Is the story of Joseph the story of my life?
He was a man built of great physique and looks; God places him at the right hand of the Pharaoh. I can confidently answer that He has imaged me to be the first but He hasn’t necessarily used me like the latter. As I communicate with God, I have to be careful – my heart sinks into the riches of Joseph’s position- to be a godly man in an ungodly world. So when I communicate, I often wonder if my heart’s dwelling is more about wanting to be like Joseph or wanting to be more like Jesus.
My communication with Him is thought out and pre-planned; I need to pray and when I want to pray I often get in the way of Him wanting to lose communication for the sake of intimacy. He’d rather hug me than lay a list of doctrinal rights and wrongs; within His hug He knows that he points towards discipline and love- the discipline to turn away from sin and head towards Holy union- His covenant is my strength for love and to love.
My prayers are often a boring tv episode or a rewatched movie- even when the climax hits, you already know what happens; you’ll be less willing to watch it the next time, right? Don’t you think God might feel the same way? In my trials, I call; He answers. But what if prayer was so intimate EVERYDAY. Intimacy is not stale bread; it is manna that falls fresh each day; intimacy is awaiting the mysteries of God; intimacy is declaring that He is good even during hard times.
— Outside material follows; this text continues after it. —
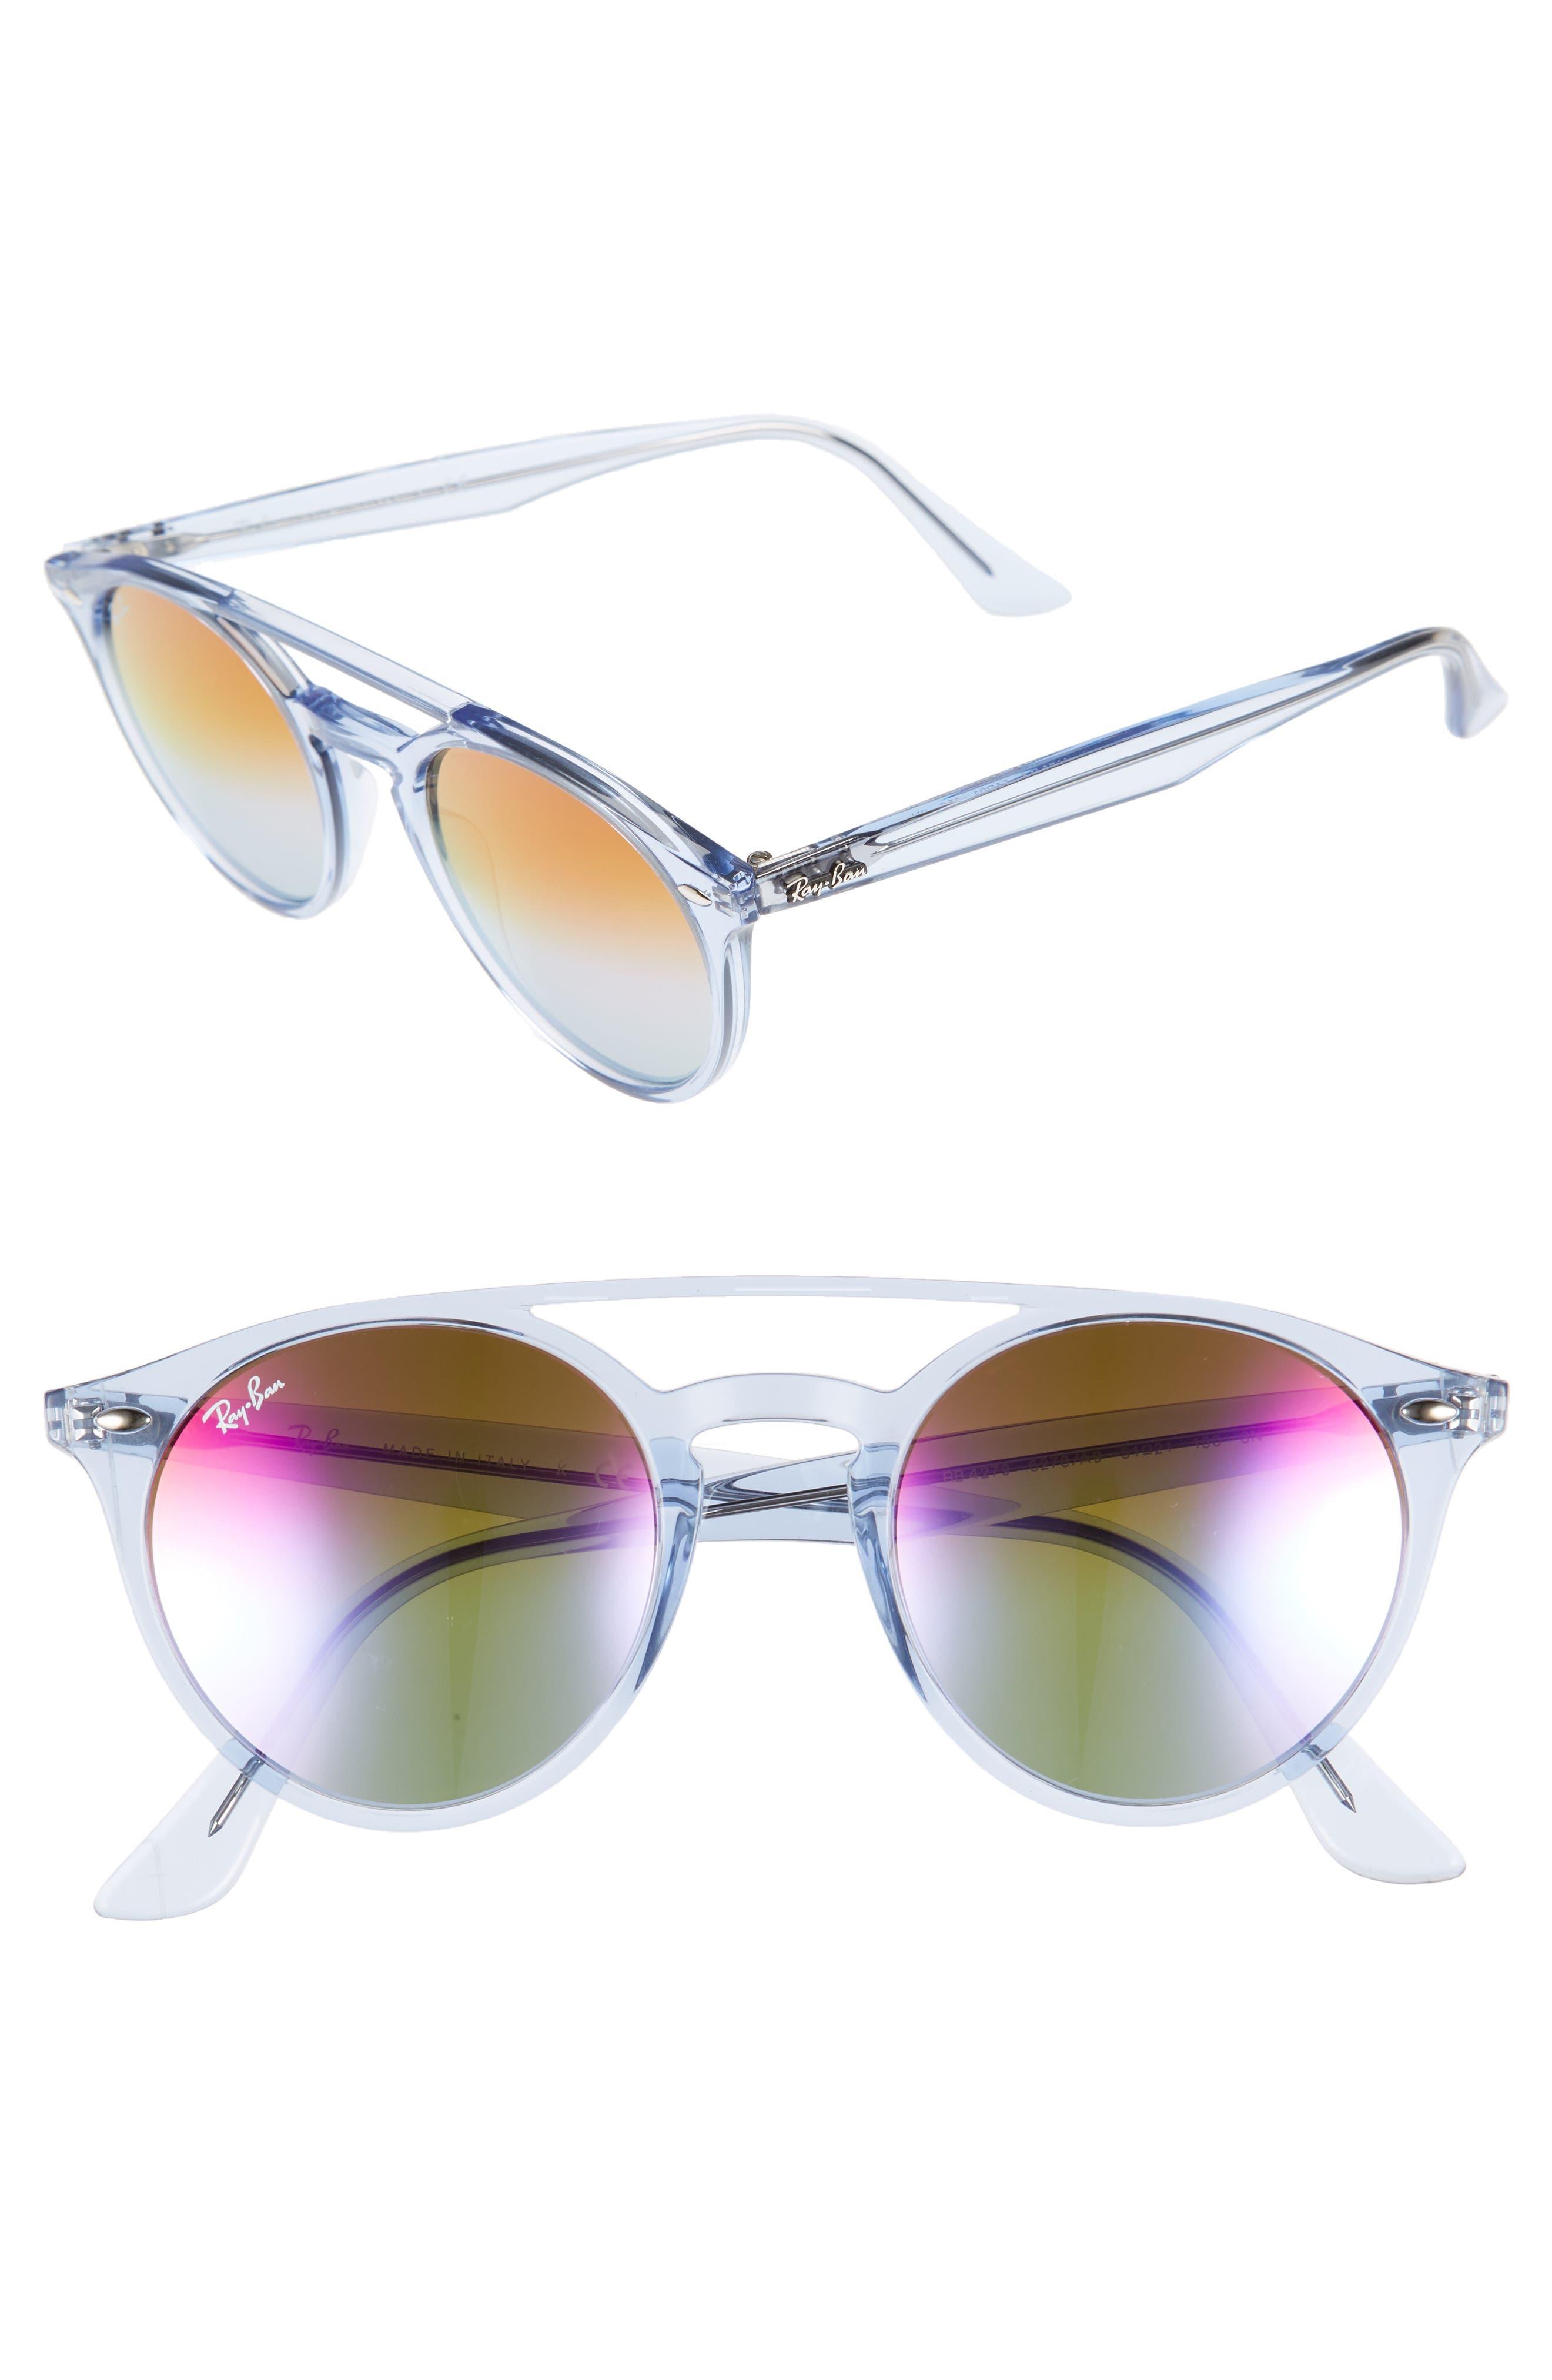 Main Image - Ray-Ban 51mm Mirrored Rainbow Sunglasses

Joseph communicated with God; there may have been intimate times; But I see a clear winner- Jesus communicated intimately at all times. He was in the presence of His climax at each moment; He chose to be wholly intimate with His father- was that to gain a political or social platform? NO! If anything, that made Him lose all political power and social credibility. Lord, I apologize for envying Joseph more than declaring Jesus in this modeling industry. I choose to be like Jesus.